Вот и рифма к тебе, окоем![422]

Даже в этом коротком четверостишии мы видим, как Цветаева саркастично, «по-Бродски», рифмует политическое («отстаем» из большевистской пропаганды) и метафизическое («око-ем»). Она также, пару строками ниже, воспроизводит модель экзистенциальной физики Бродского:

Тоскомер!

Синим по синю (восемь в уме),

Как по аспиду школьной доски,

Давшей меру и скорость тоски:

Окохват!..

Это лирическое отступление принадлежит Крысолову, ведущему большевистских крыс к «смерти от идеализма»: их захватывает идея, которую Крысолов вызывает в их воображении – идея мировой революции, в реальности же они утонут в пруду. Как раз это и имеет в виду Бродский, когда представляет Цветаеву как реалиста, снабжающего нас идеалистическими видениями. Он подмечает, как Цветаева при этом использует зрение. Даже в «Новогоднем» Цветаева фактически определяет поэта как «око», когда оплакивает Рильке: «если такое око смерклось». Старославянское слово «око» означает расширенное зрение, которое принадлежит поэту, после смерти обретшему новое – абсолютно метафизическое? – зрение в загробной жизни:

 С доказуемости мысом крайним —

 С новым оком, Райнер, слухом, Райнер!

Цветаева одновременно утверждает, что Рильке достиг границ доказуемого и что его новое око позволит ему взглянуть дальше.

По всей видимости, Бродский редко использовал цветаевское слово «око» в своих стихах, практически всегда употребляя более распространенное слово «глаз». Я нашла только два случая, до и после цикла «Урании»: первое в его известном любовном стихотворении «Пенье без музыки» (1970), второе – в позднем стихотворении «О если бы птицы пели» (1994). В обоих контекстах «око» выражает тотальное, метафизическое зрение: либо двух влюбленных на разных концах земли (в первом случае), либо тех, кто умер (во втором). Похожие невозможные условия сопутствуют и эксперименту в «Квинтете», с которого я начала:

 Теперь представим себе абсолютную пустоту.
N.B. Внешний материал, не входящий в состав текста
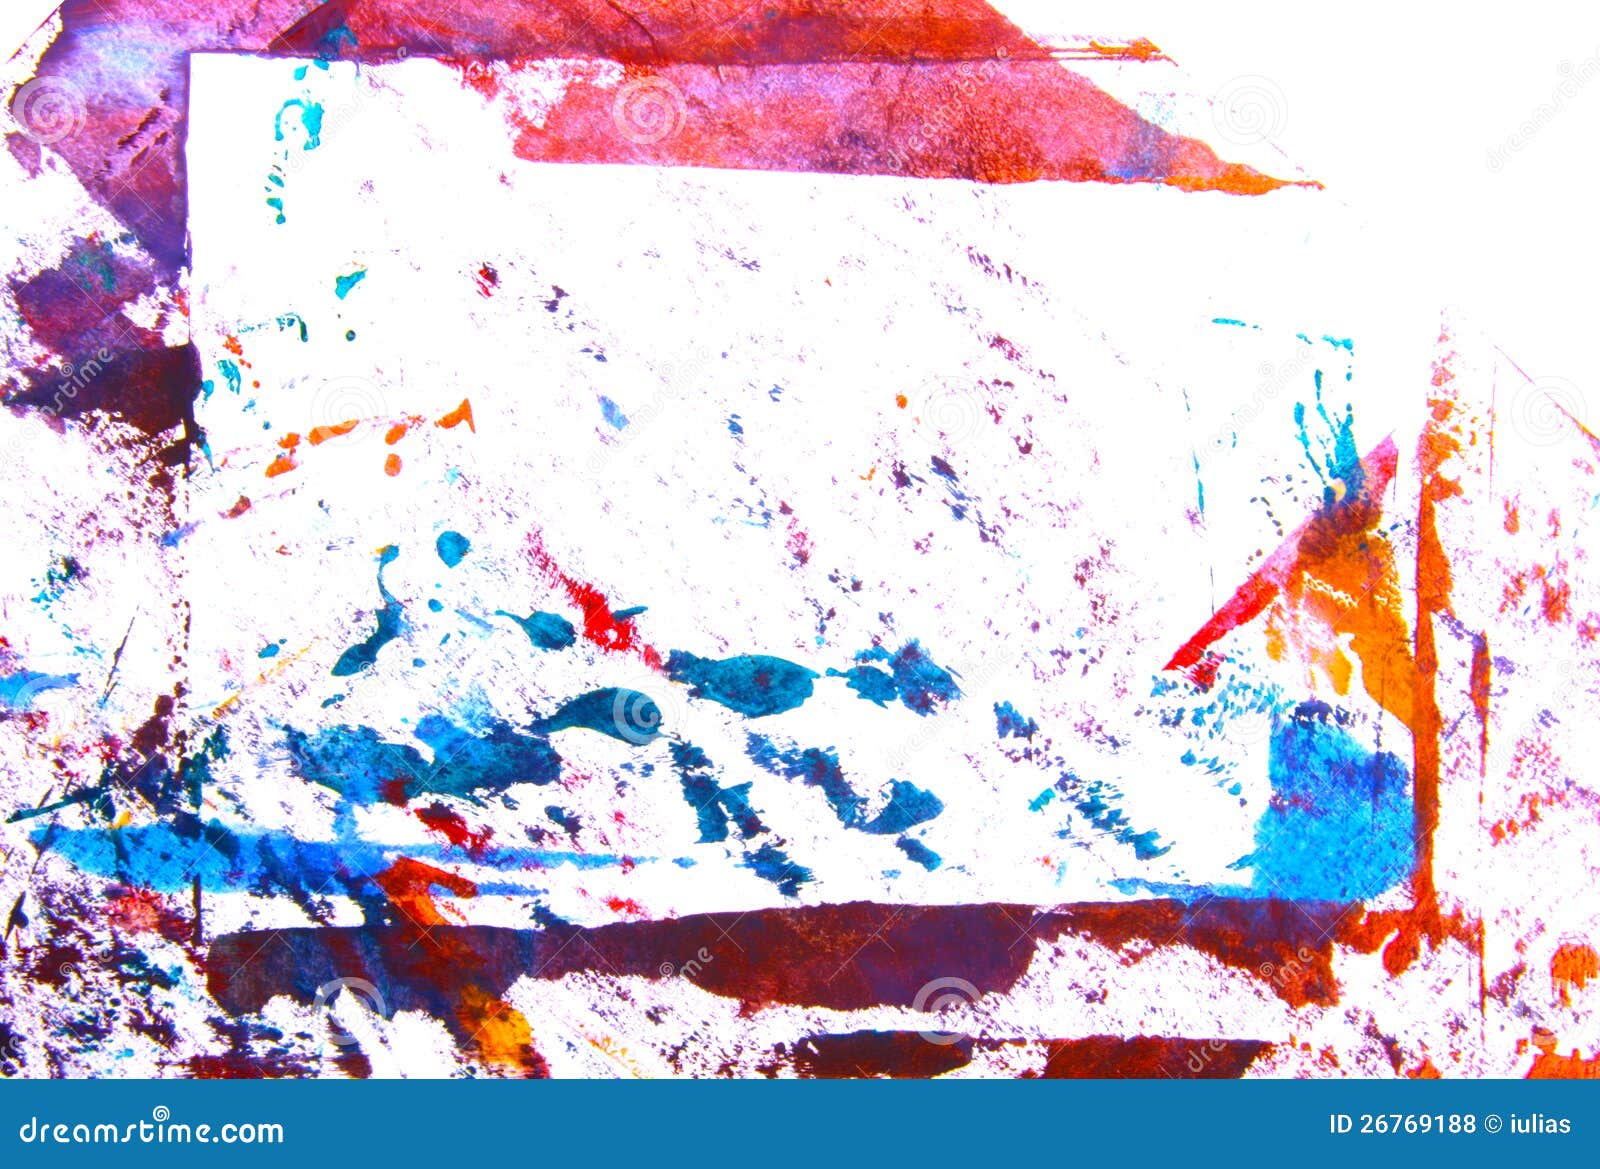 Abstract Hand Drawn Painting Graphics Royalty Free Stock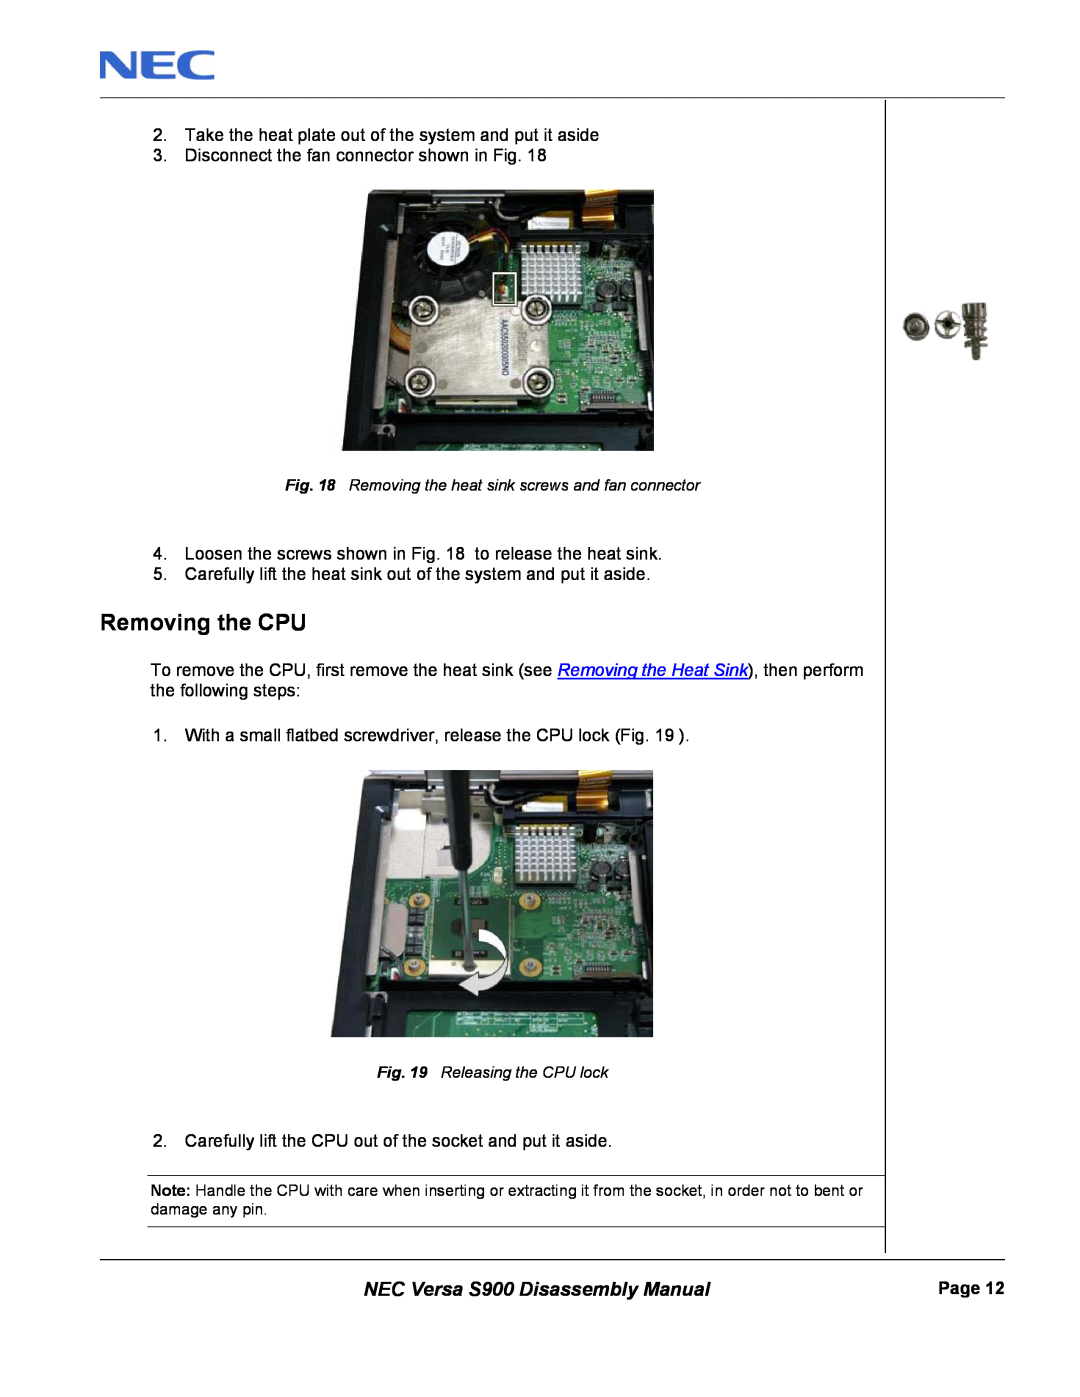 NEC manual Removing the CPU, NEC Versa S900 Disassembly Manual

 Место без времени. Собственно воздух. В ту

 и в другую, и в третью сторону. Просто Мекка

 воздуха. Кислород, водород. И в нем

 мелко подергивается день за днем

 одинокое веко.

 Это – записки натуралиста. За —

 писки натуралиста…

«Веко» Бродского – общеупотребительное слово, но редко использующееся в единственном числе – фонетически напоминает цветаевское «око», особенно в сочетании со словом «одинокое». Почему тогда это стихотворение свидетельствует о кризисе? Возможно потому, что условия зрения в этой среде настолько экстремальны: поэт старается изо всех сил, чтобы заглянуть в «абсолютную пустоту», он расположен в «месте без времени». Это невозможное место кажется самой смертью, которую, как подчеркивает Бродский в своем эссе, Цветаева в «Новогоднем» называет и изображает исключительно как «ничего»: «Это “ничего” – абсолютное, не поддающееся описанию, неразменное – ни на какие реалии, ни на какую конкретность» (БоЦ, 140). В «Квинтете» поэт, по всей видимости, достигает того же предела: веко поэта подергивается в отсутствии чего-либо зримого. Это тот «эпилог для сетчатки», который он описывает в «Литовском ноктюрне», но в этот раз без уверенности в том, что «духовная оптика» поэта позволит ему различить молекулы в воздухе.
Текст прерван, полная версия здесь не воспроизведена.